InterGlobe Aviation, which runs IndiGo, is set to hit primary markets with its public offer or initial public offering (IPO) on Tuesday (October 27). The company has fixed the price band for its initial share sale at Rs 700-765, through which it could raise up to a little over Rs 3,000 crore.
According to InterGlobe Aviation it will retire nearly one-third of its total debt of Rs 3,912 crore from the share-sale proceeds. The issue will close on October 29 (Thursday).
IndiGo is one of the two profit-making domestic airlines with the other one being GoAir. At present, only two domestic scheduled carriers – Jet Airways and SpiceJet – are listed, while trading in long-grounded Kingfisher Airlines has been suspended for a long time. For the financial year ended March 2015, InterGlobe Aviation reported net profit of Rs 1,295.58 crore up 173 per cent, against Rs 474.44 crore in the previous financial year. The company registered net profit of Rs 987.3 crore in the financial year ended March 2013.
Market experts and the management of Interglobe aviation is looking bullish on the Interglobe Aviation IPO. Aditya Ghosh, president, whole-time director, Indigo Airlines, told Financial Express online, “Investors should subscribe to the IPO because we are the most profitable airline in the fastest growing aviation market in India. We have also got a competitive advantage which no one can replicate for the next five years. With 33.9 per cent market share, we are also the largest domestic career.”
According to Angel Broking, Interglobe Aviation has been the only passenger aircraft operator in India to post consistent profits over the past seven years. The magnitude of the aircraft orders placed by the company has enabled it to negotiate favorable terms with Airbus, as well as with other suppliers and service providers. This has created a structural cost advantage for the company in terms of operations and maintenance of aircrafts compared to its peers. The brokerage house believes that the valuation of Interglobe is justified, considering the opportunity present in the vastly underpenetrated Indian air travel market. Interglobe is better placed than its peers to capture higher market share on the back of its proven management track record, continuous fleet addition and with its sustainable profitable business model. Hence Angel Broking recommends a “Subscribe” to the issue at the higher end of the price band.
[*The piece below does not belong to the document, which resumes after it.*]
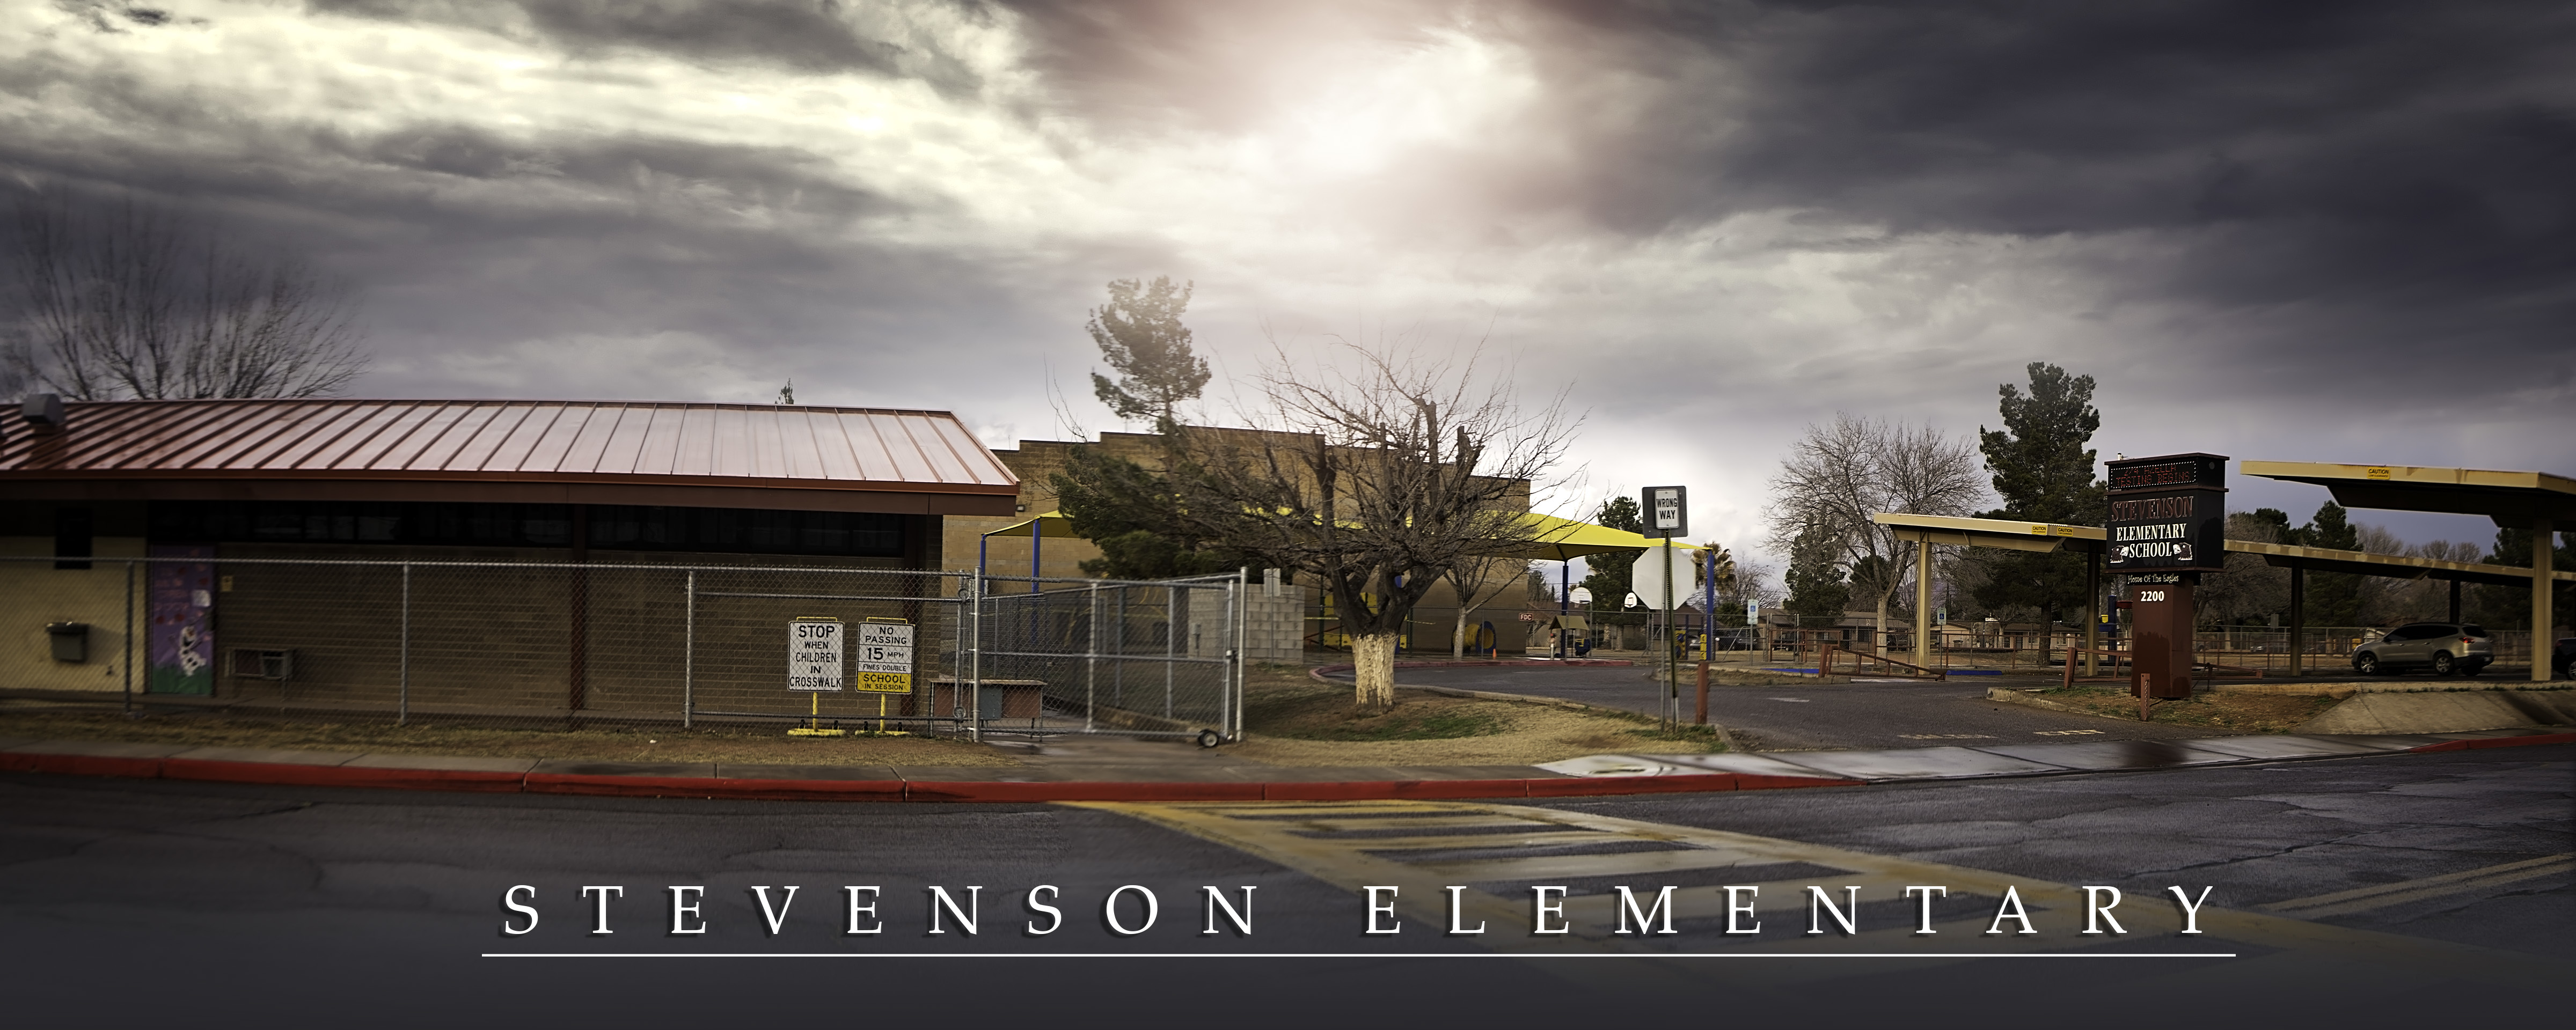 Stevenson Elementary School

Total revenue of the company grew 25.16 per cent year-on-year to Rs 14,309.14 crore in FY 15 against Rs 11,432.12 crore last year.
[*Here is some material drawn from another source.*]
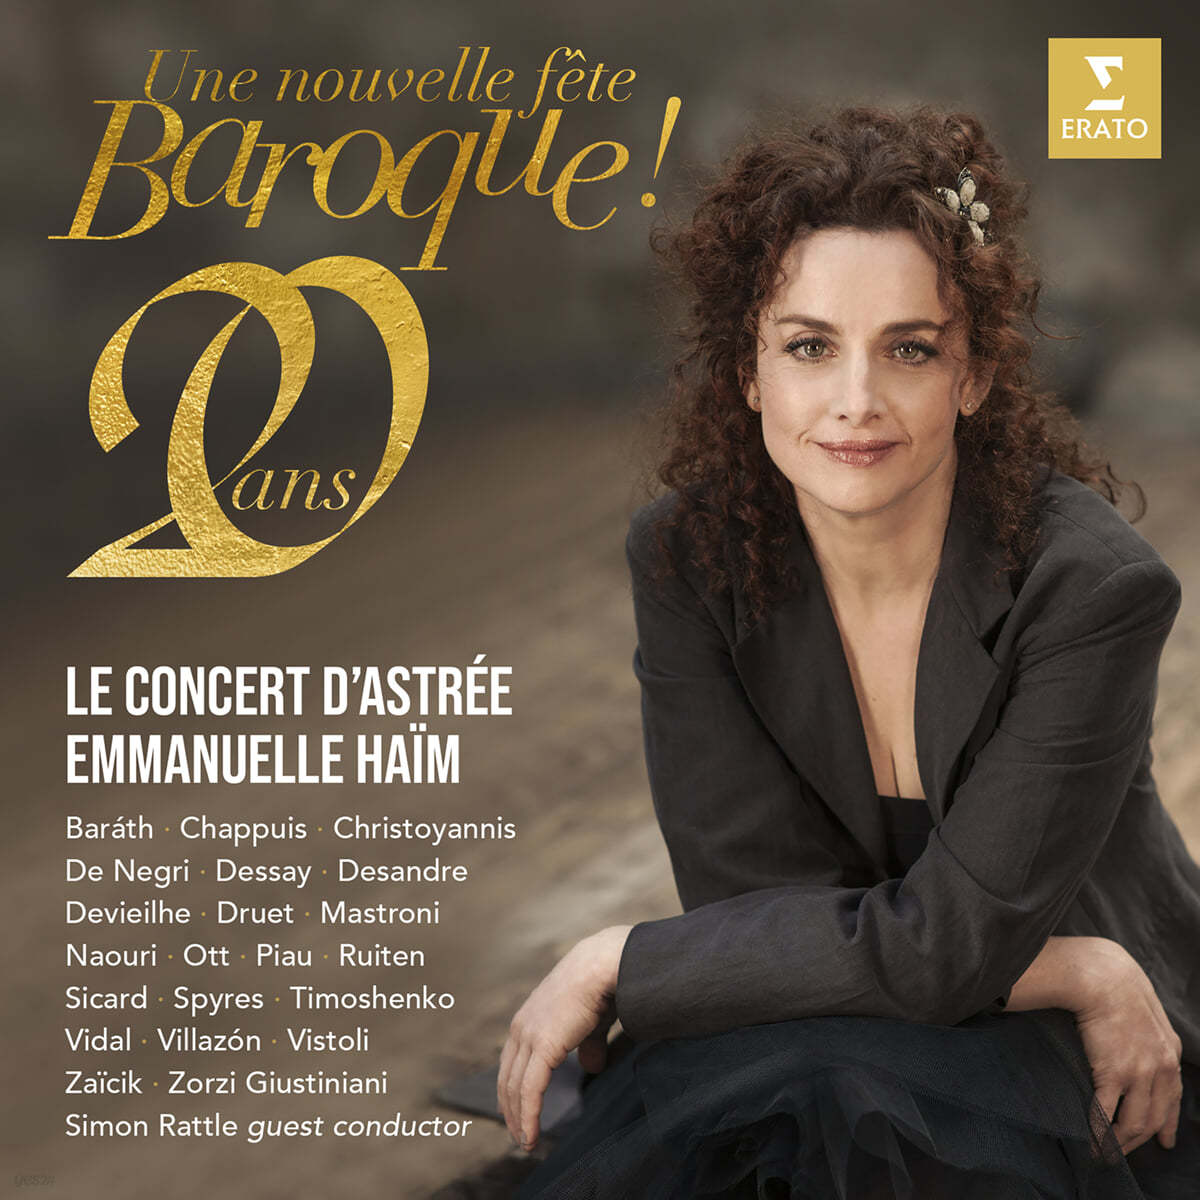 Emmanuelle Haim / Le Concert d&#39;Astree 새로운 바로크 페스티벌 (Une Nouvelle Fete Baroque!)

The global coordinators and book running lead managers to the issue are Citigroup Global Markets India Private Ltd, JP Morgan India Pvt Ltd and Morgan Stanley India Company Pvt Ltd. The book running lead managers are Barclays Bank PLC, Kotak Mahindra Capital Company and UBS Securities India Pvt Ltd.
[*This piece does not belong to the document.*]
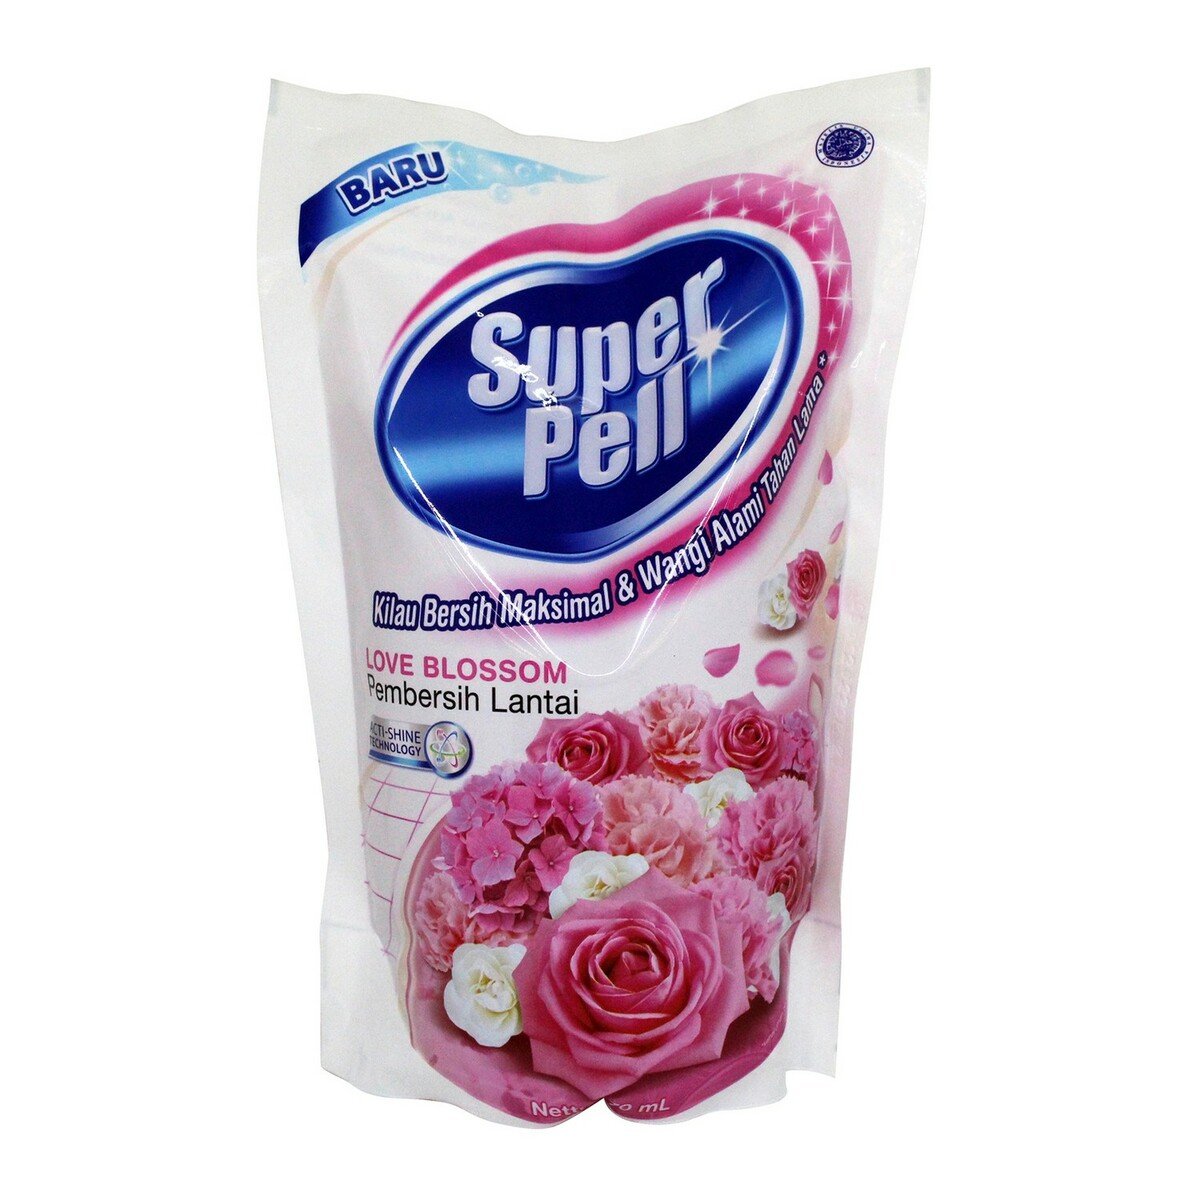 Superpell Floor Cleaner Pink Reffil 770ml

The offer comprises fresh issue of shares worth Rs 1,272.2 crore and the revised Offer for Sale (OFS) size that would be about Rs 1,746 crore. Together, the share sale can rake in up to Rs 3,018.2 crore.
With three promoters — Rakesh Gangwal, Shobha Gangwal and Chinkerpoo Family Trust — deciding to offload less number of shares in the company, the IPO size has come down to Rs 3,018 crore.
On the basis of earlier proposal, the initial share sale could have fetched up to Rs 3,268 crore. These figures are based on the upper price band of Rs 765 apiece.